Moreover, the FTC in approving Google-DoubleClick merger without any conditions to protect competition or privacy in 2007, the FTC put the omni-tracking cookie into Google's hands that Google used when it broke into Apple's Safari browser to further extend its online advertising dominance. Without DoubleClick's technology, Google would not have had the incentive or ability to fully financially benefit from hacking into Apple users browsers to better target them with ads.
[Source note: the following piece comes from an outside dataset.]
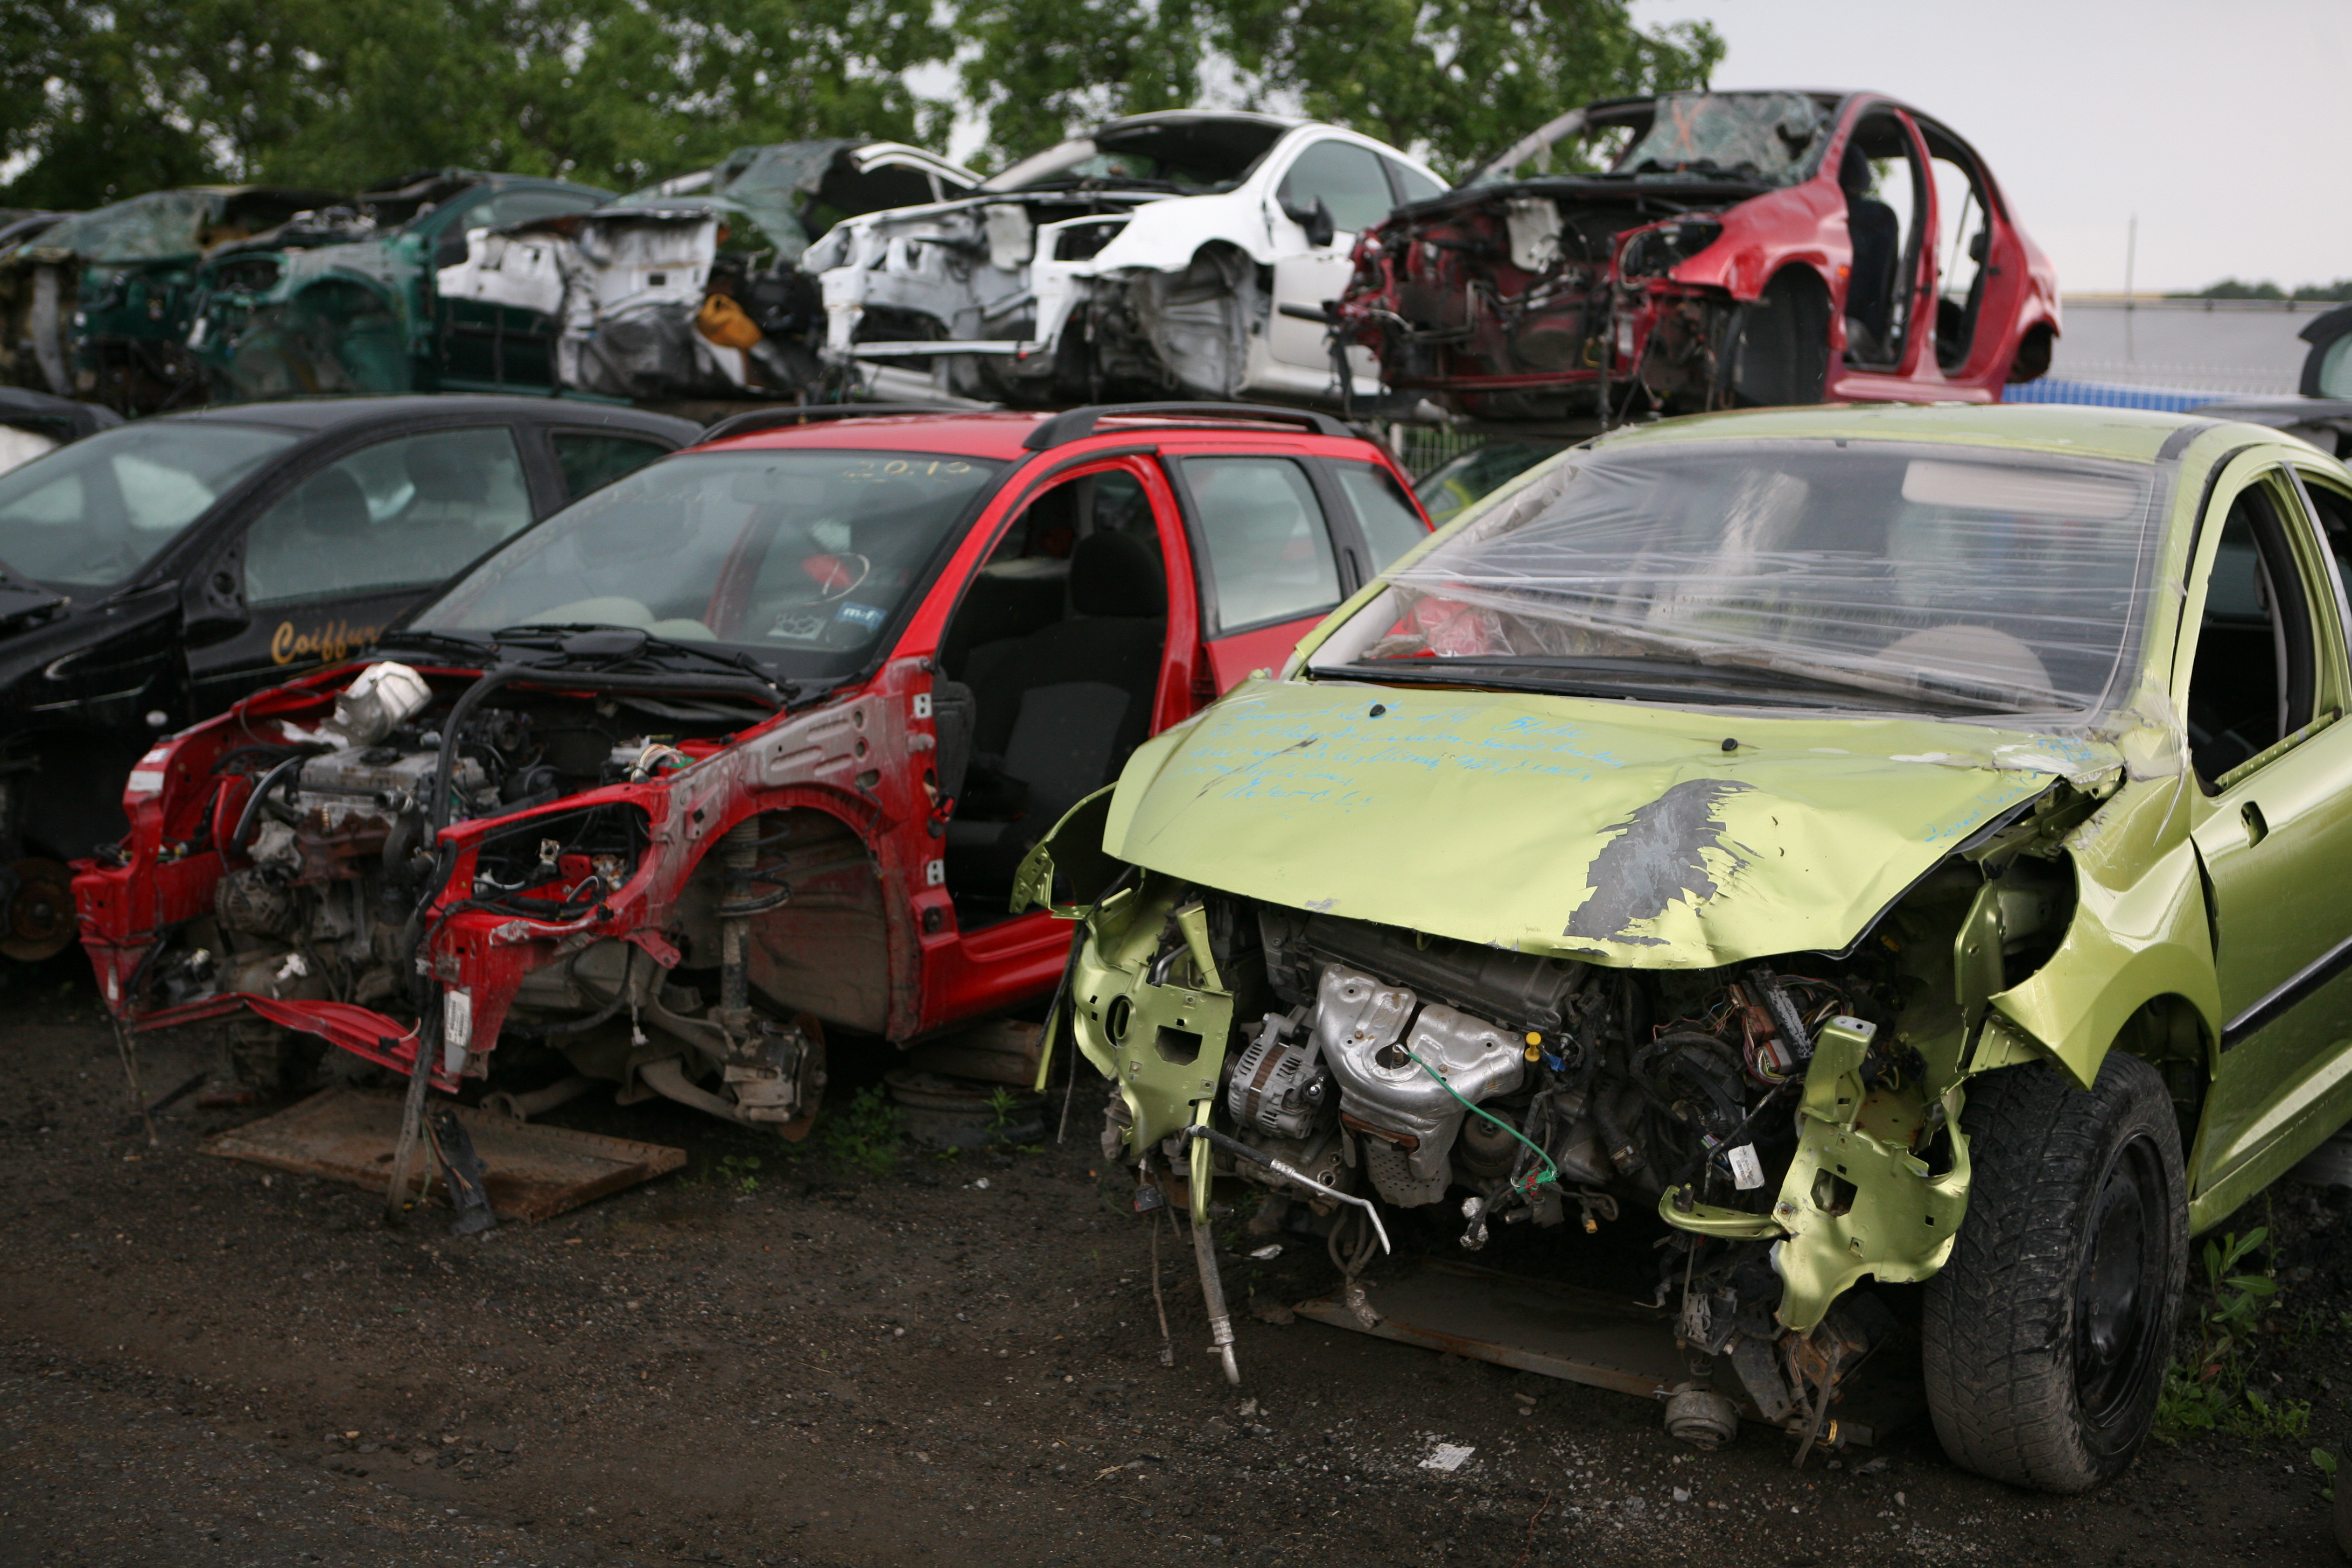 File:Scrap car bodies.jpg - Wikipedia

It is also instructive to remember that the FTC approved the Google-Admob acquisition without any conditions, when Google now dominates U.S. search advertising with 95% market share per eMarketer. The FTC tipped Google to monopoly in approving Google-DoubleClick and allowed Google to extend its monopoly to mobile in approving Google-AdMob.

IV. Conclusion

While the optics of the FTC hiring a tough prosecutor to lead the Google antitrust probe suggest an FTC proclivity to prosecute in court rather than settle the FTC-Google antitrust case, the outside prosecutor's part-time time commitment to the case (versus the full-time commitment of Sandy Litvack, who was brought in by DOJ to prosecute the DOJ Sherman Section 1 & 2 monopolization case against the Google-Yahoo Ad Agreement) suggests the FTC could have a bias towards settlement of the potential FTC-Google lawsuit rather than prosecution in court.

Given Google's experience of effectively eluding responsibility, accountability and deterrent effect in dealing with the FTC on enforcement settlements of FTC Section 5 enforcement cases, that suggests Google may have little to fear in the end from the FTC.